Methods: Seventy-eight anonymized avulsion charts (42 permanent, 36 primary teeth; 39 dry, 39 moist; 40 immature roots) were rewritten as lay prompts. ChatGPT-4o created two single responses to each vignette, 14 days apart (156 responses). Three oral and maxillofacial surgeons (OMFS) scored diagnostic accuracy, immediate action, contraindication identification, and completeness. Three lay assessors scored clarity (0-15 composite rating). An additional time-critical safety flag required simultaneous accuracy in immediate action and contraindication advice. Statistical analysis was performed at a 95% confidence level.

Results: ChatGPT-4o demonstrated significant rates of accurate guidance. Inter-rater reproducibility was near perfect (ICC = 0.94; κ = 0.88-0.998). The median composite score was 13 (IQR 12-14); permanent dentition elevated the probability for perfect diagnostic, contraindication, and immediate-action scores (p ≤ 0.046), but extra-oral dry time lowered immediate-action (p = 0.003) and reduced completeness (p = 0.023). Root maturity had no effect. Clarity was rated at more than 93% in both sessions. The safety flag was present in 81% and 89% of cases (χ² = 6.73, p = 0.009), with one in eight potentially unsafe situations.

Conclusions: This first clinical validation of ChatGPT-4o demonstrates expert-level, reproducible triage for tooth avulsion and introduces the "time-critical safety" composite as a strict benchmark for emergency chatbots.

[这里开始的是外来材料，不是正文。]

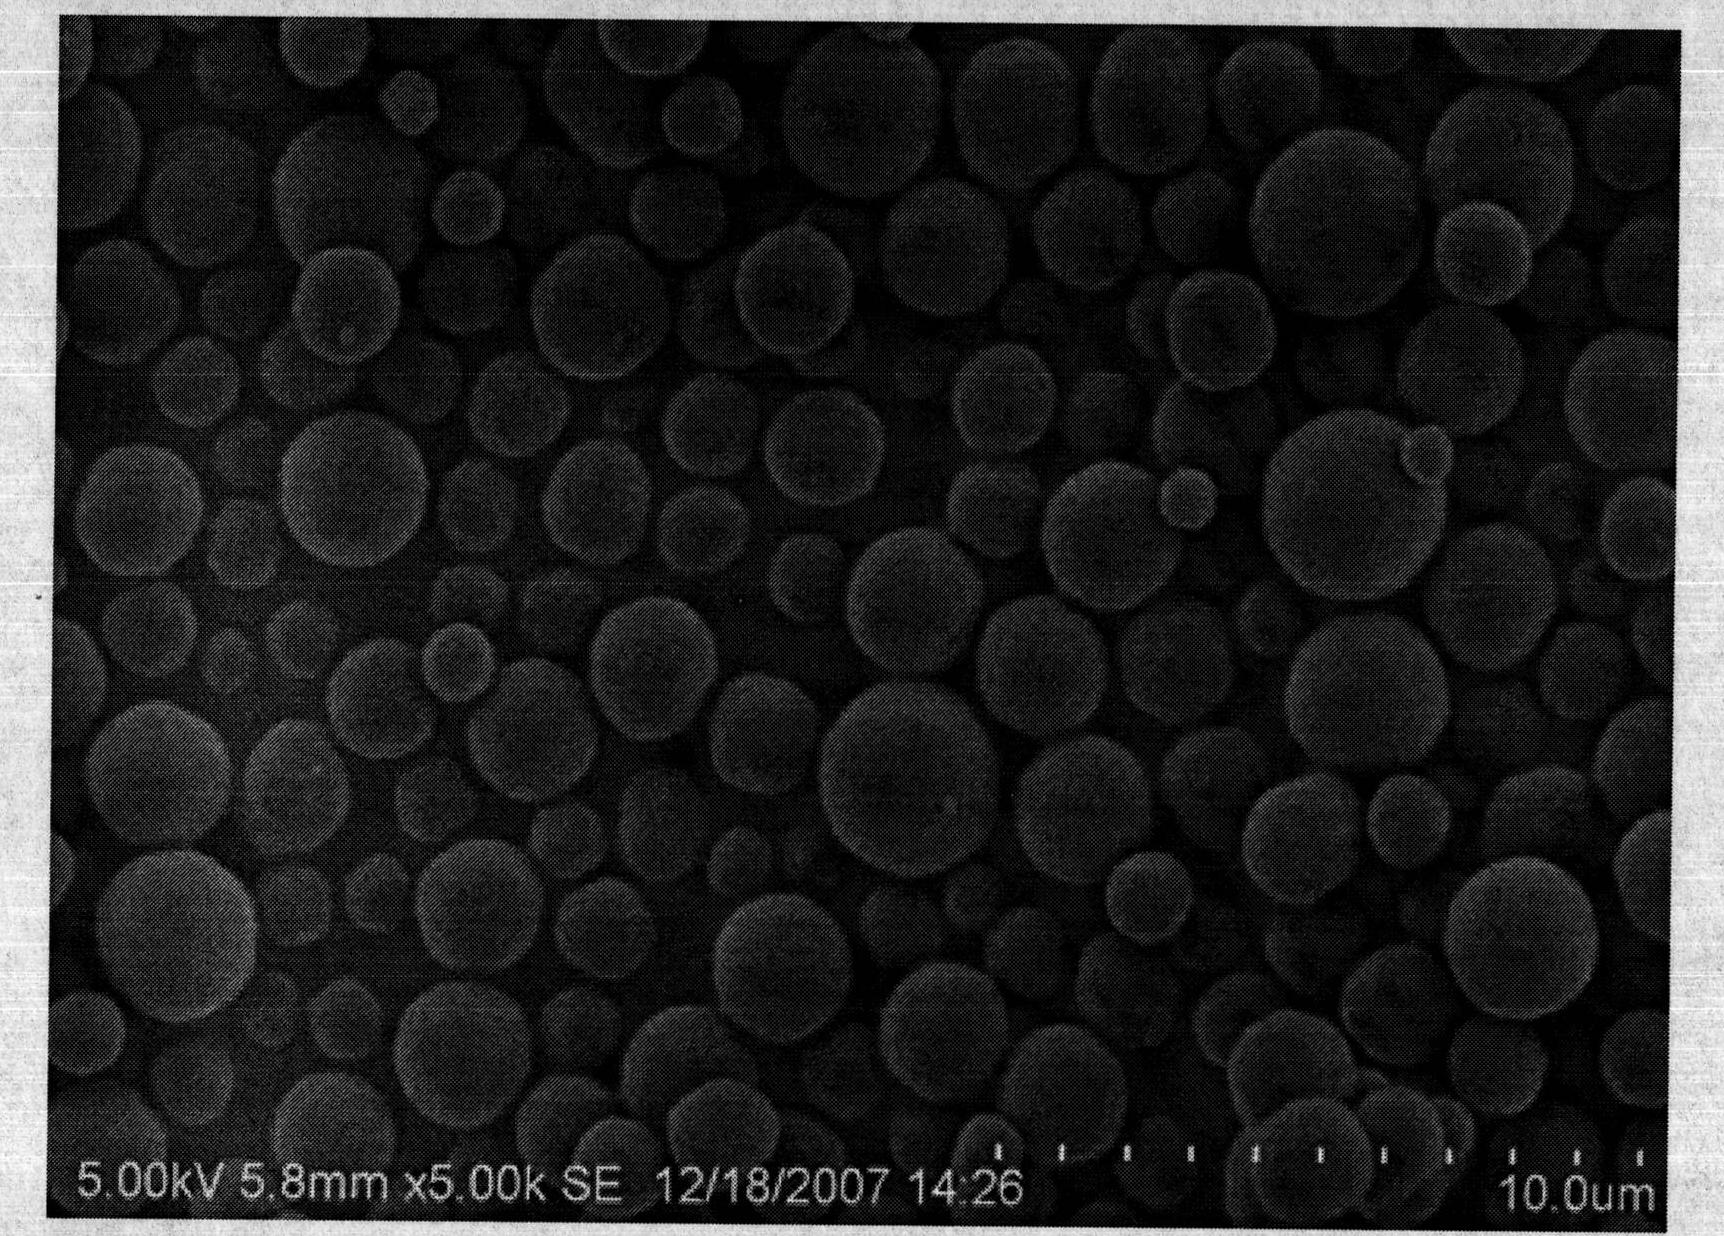 Method for preparing chloramphenicol molecularly imprinted polymeric microspheres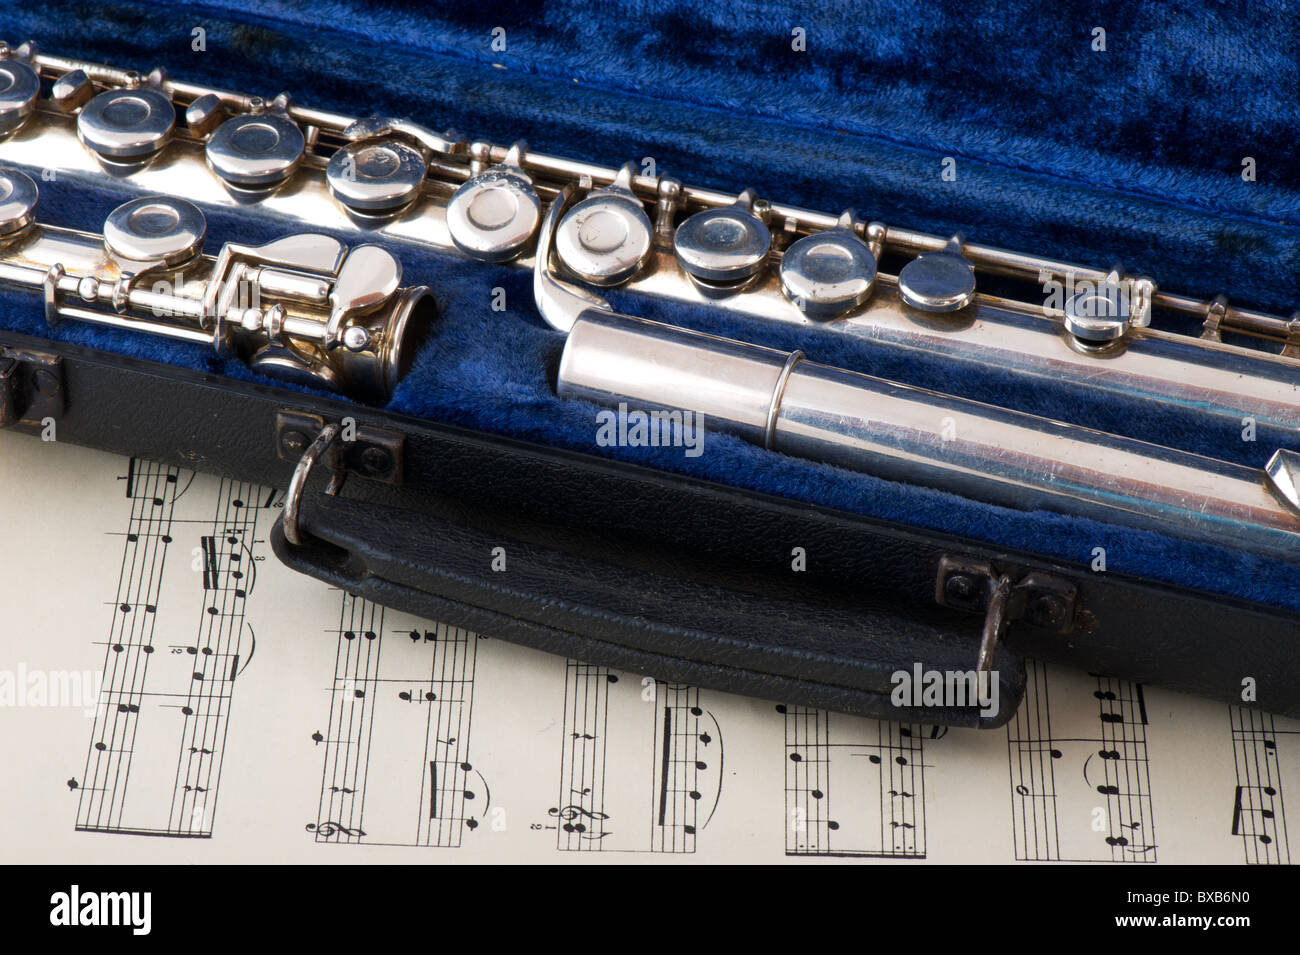 artley flute serial number 199770 worth

There is still a need for guideline-linked retrieval before unsupervised deployment. Clinically, these findings show that while ChatGPT can offer quick and largely accurate advice, the remaining deficiencies highlight the risk of incomplete or unsafe guidance during emergencies.

求助全文

通过发布文献求助，成功后即可免费获取论文全文。去求助

来源期刊

Dental Traumatology 医学-牙科与口腔外科

CiteScore

6.40

自引率

32.00%

发文量

审稿时长

6-12 weeks

期刊介绍： Dental Traumatology is an international journal that aims to convey scientific and clinical progress in all areas related to adult and pediatric dental traumatology. This includes the following topics: - Epidemiology, Social Aspects, Education, Diagnostics - Esthetics / Prosthetics/ Restorative - Evidence Based Traumatology & Study Design - Oral & Maxillofacial Surgery/Transplant/Implant - Pediatrics and Orthodontics - Prevention and Sports Dentistry - Endodontics and Periodontal Aspects The journal"s aim is to promote communication among clinicians, educators, researchers, and others interested in the field of dental traumatology.